萩原氏は1972年、工学系の修士課程を終えて日産自動車(株)に入社した。当時の自動車業界が抱えていた最大の課題は衝突対策であった。
アメリカ政府は1967年、自動車が衝突した際の安全基準を設けた。アメリカ車はほとんどが大型車、日本車は小型車。安全基準は、大型車はクリアできても、小型車には厳しいもので、日本車はアメリカから撤退するとみられていた。アメリカの安全基準をクリアできるかどうかは日本車メーカーにとって死活問題だった。
具体的に衝突場面を考えてみよう。車が前面衝突すると、必ずエンジンは後方移動し、客室に突っ込んでくる。前部の構造で衝突エネルギーを吸収できなければ、後方へのスピードが速くなり、客室とエンジンルームの境界の下側にあるハンドル付け根が後方に押しやられ、その速度と同じ速度でハンドルがドライバーの胸部に衝突し、ドライバーに被害を与えることになる。
どのようにしてそれを軽減するかというと、衝突時に構造体の変形によってエネルギーを吸収するという方法をとる。つまり、エンジンの後方移動速度を抑えるには、前部のエンジンルーム内の構造の変形で衝突エネルギーを極力多く吸収させるのである。前部構造は車体、エンジン、シャシーからなっている。エンジンやシャシーは硬くて変形しないため、車体の変形でエネルギー吸収をさせることになる。

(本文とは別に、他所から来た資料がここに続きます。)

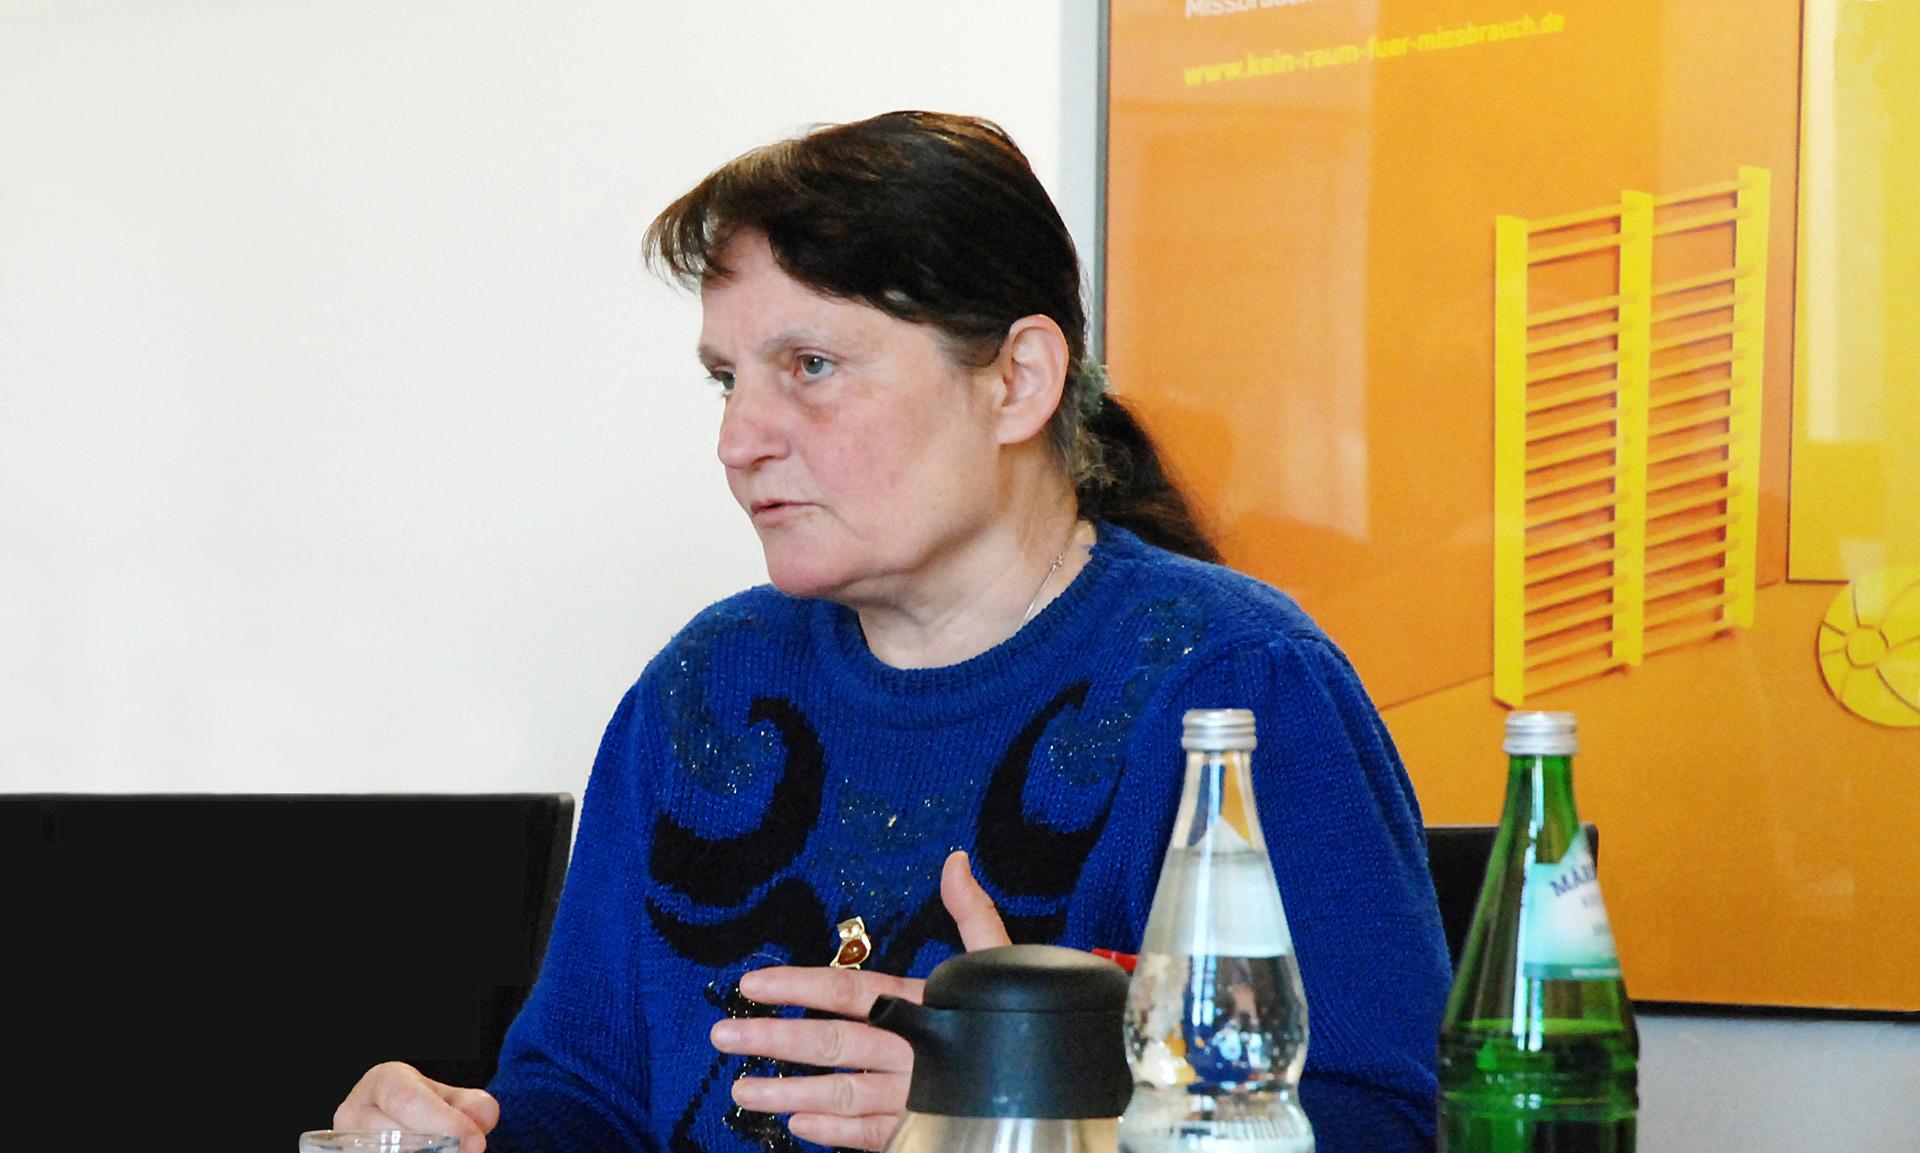 Prof. Dr. Adelheid Herrmann-Pfandt
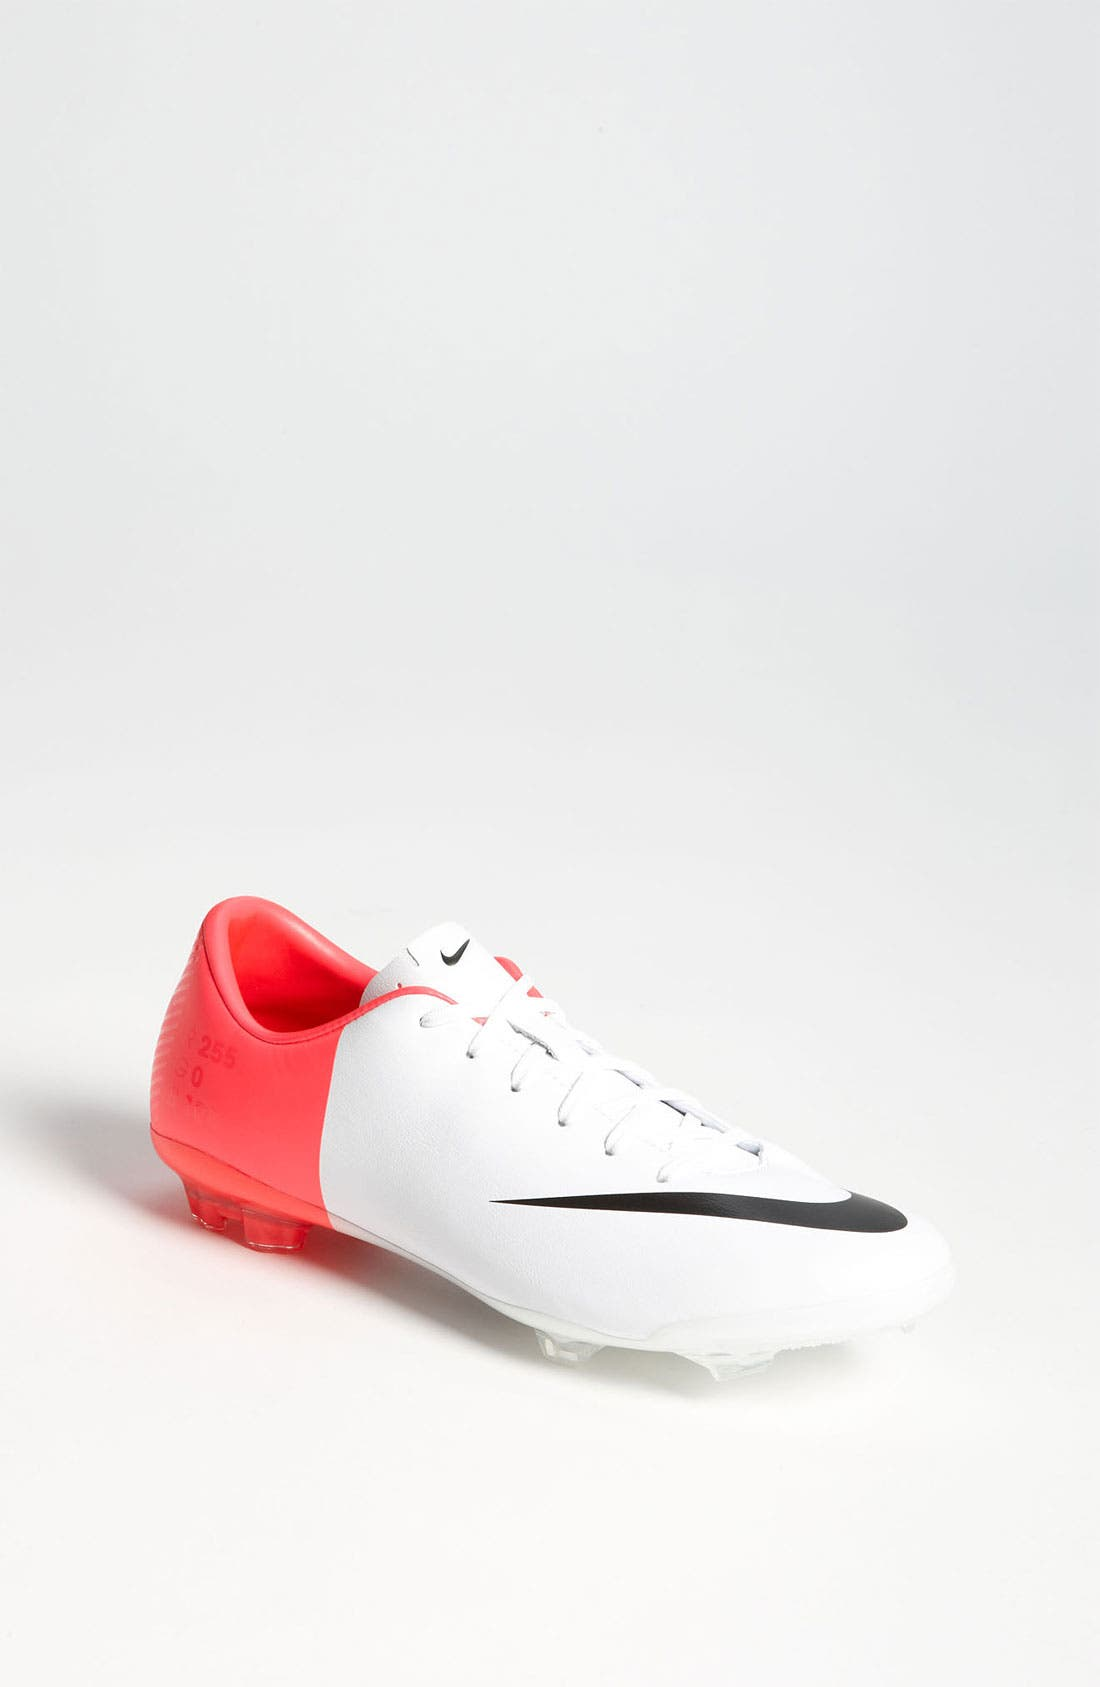 Main Image - Nike 'Mercurial Vapor VIII' Soccer Shoe (Little Kid & Big Kid)

自動車メーカーにとってコスト競争力をつけるために必要なのは、企画から市場に投入するまでの開発期間を短くすることだ。自動車の製品化までには数百種類に上る実験が必要なのだが、そのなかで最も時間がかかるのが衝突だった。というのも、たとえばエンジン音を小さくする実験では吸音材などを使えばいいが、衝突の場合は一度実験すると車が壊れてしまうため対策のしようがないからである。試作車の製造には億円単位のコストが必要なため、何度も衝突実験を繰り返すわけにはいかない。そこで、採用したのが衝突シミュレーションである。予測をしたうえで実験をすることでコスト削減につなげていった。
こうして萩原氏は安全基準をクリアした。このときのエネルギー吸収技術で特許も取得した。ちなみに、このときの技術は今の自動車にも使われている。
(つづく)
【本城 優作】<プロフィール>
萩原 一郎(はぎわら・いちろう)
京都大学工学研究科数理工学専攻修士課程修了。1972年4月日産自動車(株)に入社、総合研究所に勤務。東京工業大学工学部機械科学科教授、上海交通大学客員教授兼同大学騒音・振動・ハーシュネス(NVH)国家重点研究所顧問教授、東京工業大学大学院理工学研究科機械物理工学専攻教授。2012年4月から明治大学研究・知財戦略機構特任教授/先端数理科学インスティテュート&自動運転社会総合研究所所員、東京工業大学名誉教授、工学博士。
日本応用数理学会名誉会長、日本機械学会フェロー、米国機械学会・自動車技術会・日本シミュレーション学会フェロー。
【受賞】日本応用数理学会業績賞「計算科学・数理科学援用折紙工学の創設と展開」ほか多数。